When I was readmitted to hospital for the third time, both lungs were affected. During the night I made the mistake of removing the oxygen canula when I got up to use the toilet. I was so lucky that there were experienced nurses (who heard me coughing) and a lung interstitial consultant on duty. The consultant give me a right rollicking and impressed on me that that was a life threatening event and I had been very close to critical. I had to argue strongly not to be taken to the ICU, sedated and put on a ventilator, and they tried one further procedure that fortunately worked. Even then, the prognosis was not good as I was expected to have fibrosis. Without the specialist care that I had and still have from Southmead Lung Department, I wouldn't be able to return to the gym; I'm really grateful to the nurses and clinicians of that department.

The point of my post - I'm sure I must bore some people to tears - is that if you are prescribed amiodarone or prednisolone and you get these rare and seemingly innocuous symptoms, don't delay in getting an x-ray and if it shows consolidation, be a right pain in the - - - and get the right diagnosis. If you don't, there could be unpleasant consequences.


No it is certainly not boring. your expereinces could help somebody else further down the line and I congratulate you for detailing it in depth. But excuse me if I`m a bit thick but I still dont get what part the dronedarone played.


Thank you. Quoting from "Cases of interstitial lung disease, including pneumonitis and pulmonary fibrosis, have been reported in association with dronedarone. Onset of dyspnoea or non-productive cough may be related to pulmonary toxicity. If pulmonary toxicity is suspected during treatment, relevant lung examinations should be considered and treatment discontinued if confirmed."

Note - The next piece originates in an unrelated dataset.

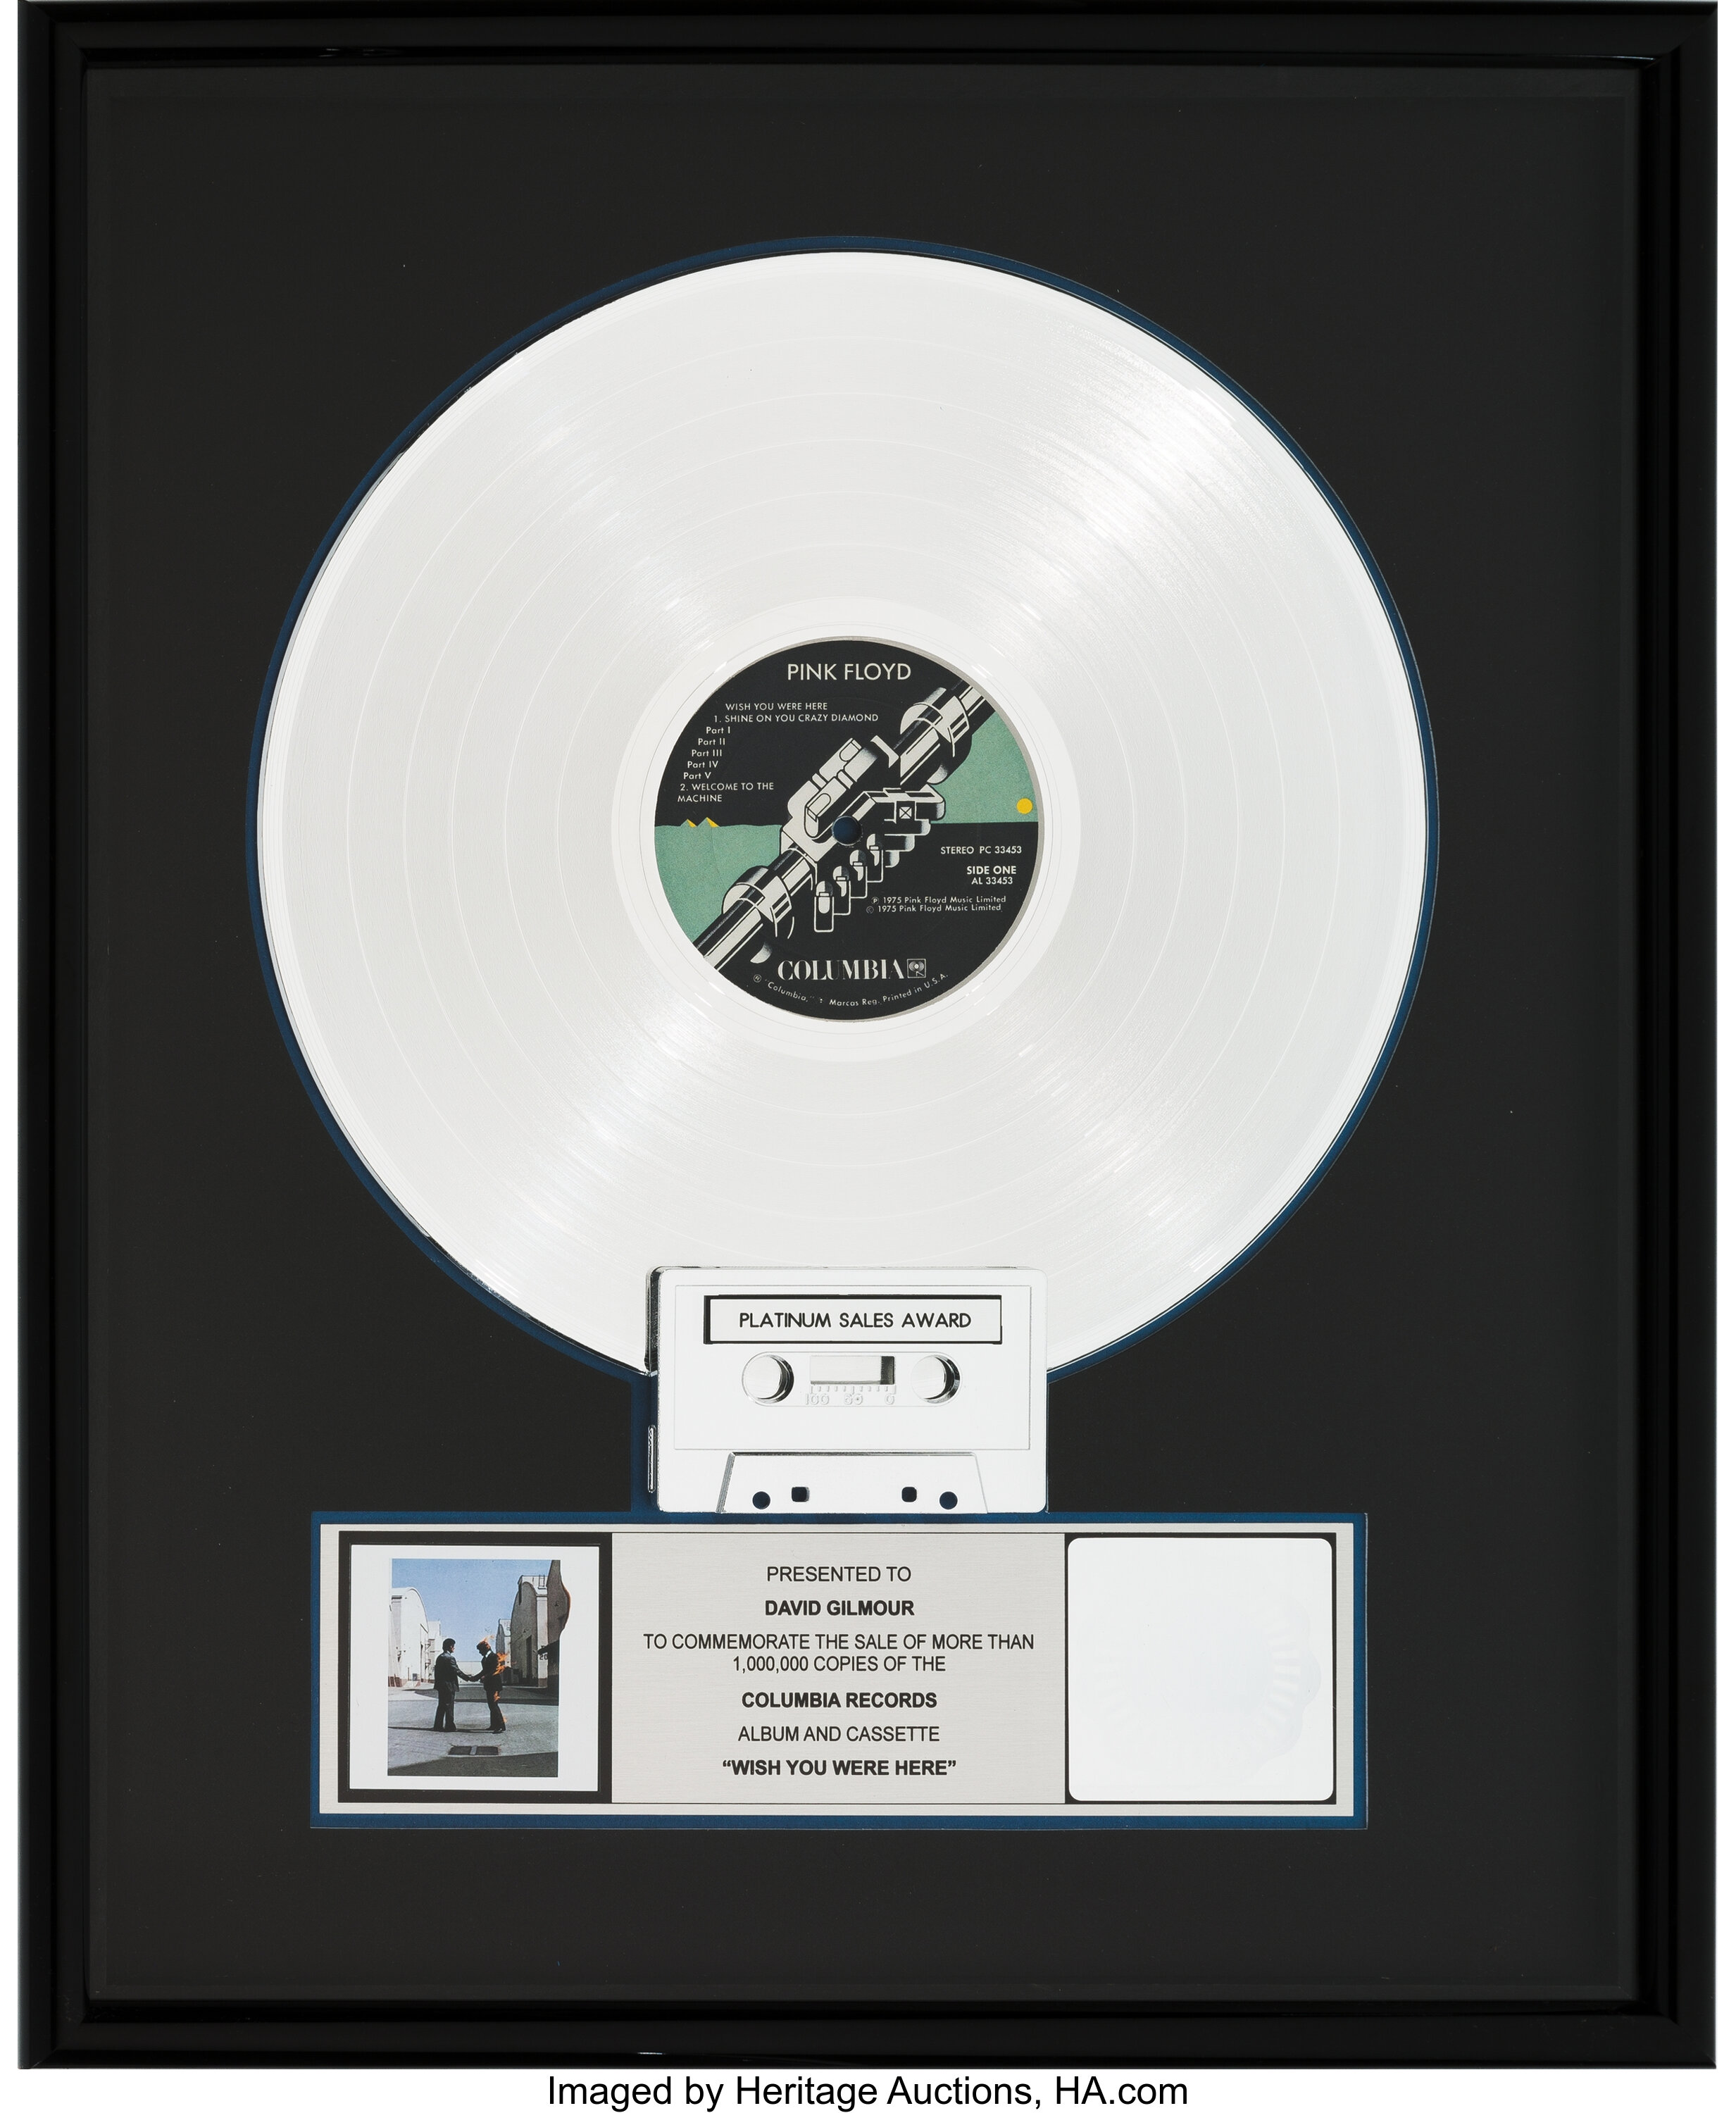 Pink Floyd Wish You Were Here Riaa Platinum Album Award Columbia Lot 471 Heritage Auctions
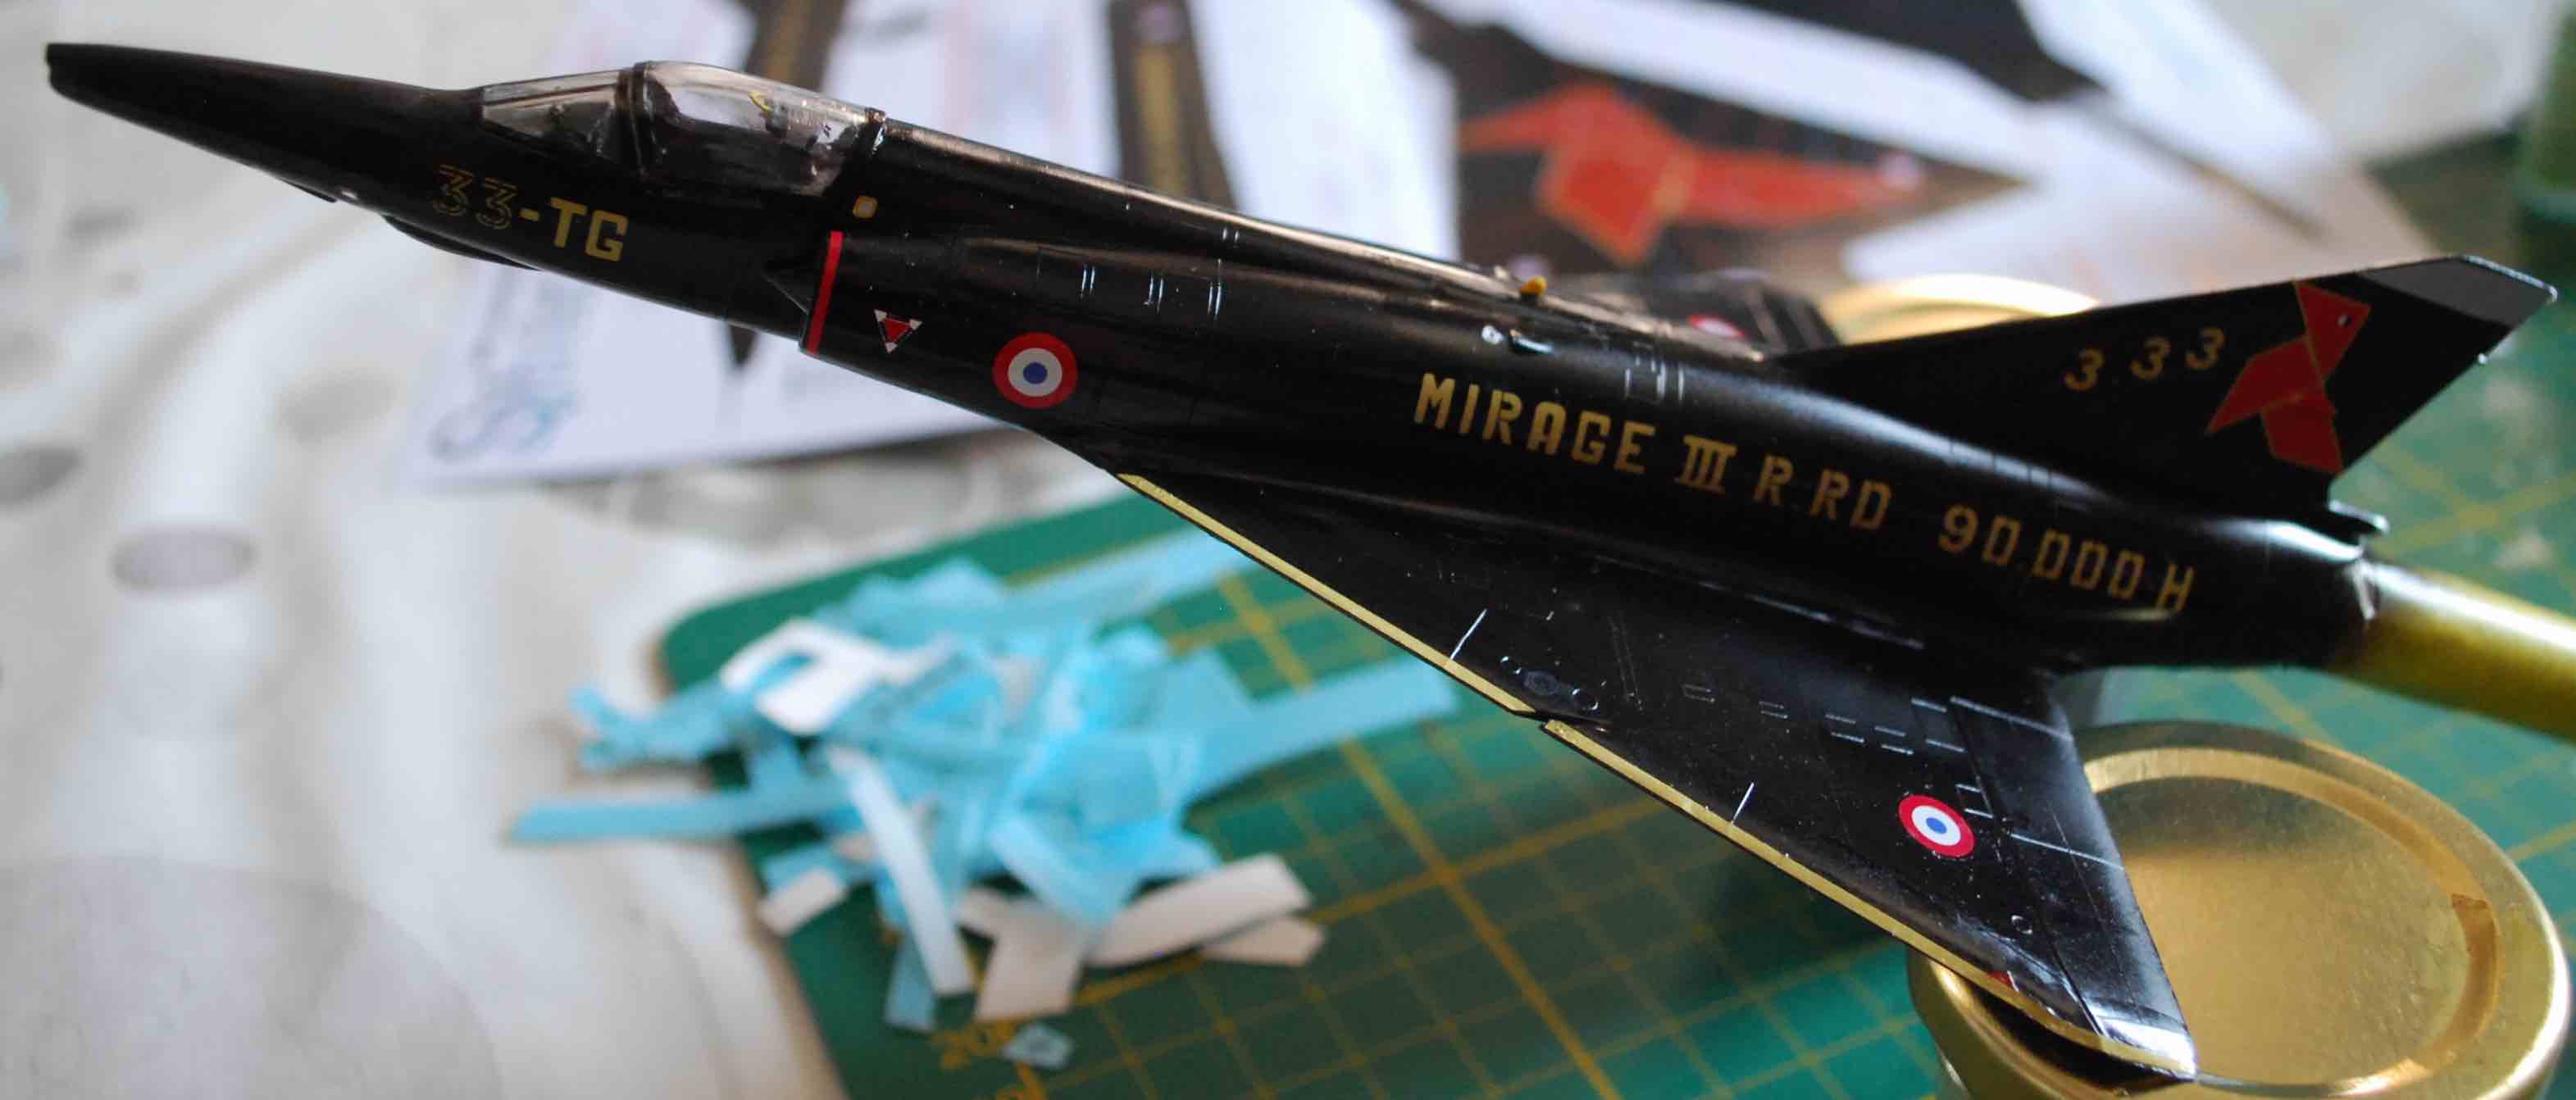 Mirage IIIRD 90000H 3.33 1/72 16060602573219947814286467

I don't know why an anti-arrhythmic drug could adversely affect the lungs and/or liver in rare cases. I can only presume that the manufacturers are not aware of how to mitigate the risk. I note the UK Government response on the above web page is that on balance the benefits outweigh the risks. However there is a caveat; "Because of safety concerns, dronedarone should only be prescribed after alternative treatment options have been considered."

I had never had any form of invasive or medicinal treatment for AF prior to being prescribed dronedarone.

My post is an oblique way of answering your post to say that I don't know., but I hope that it sheds some light.


To add a post script, I was prescribed prednisolone to treat the inflammation caused by COP. Prednisolone is an immunosuppressant - I can't even have a flu jab - and to avoid infection I've avoided the gym for nearly 14 months apart from May 2015. During that brief spell in the gym there was no sign of PAF even though I was working consistently at 150 bpm and occasionally higher.


My husband has been on dronedarone for over 5 years and has had only 2 major Afib episodes ( sending him to hospital.

I, on the other hand, tried in when first diagnosed 31/2 years ago and had major diarrhea and had to switch to tikosyn.

Heather R


OK just an update on this. I was eventually started on Dronedarone last week and my experience wasnt very good. The first tablet almost immediately put me into an irregular rhythm, I thought that this was maybe the stress of it so decided to take my second the next morning. I immediatley felt unwell and phoned my GP and was called in for an ECG, As Im sure you all know the only course of action for them is to send you to A&E. So unfortunateely I spent 6 hours there and was told to stop the Dronedarone.

I am now back where I started On Bisoprolol!!!

Anyone researching this medication needs to realise that what didnt work for me could well be the answer for them.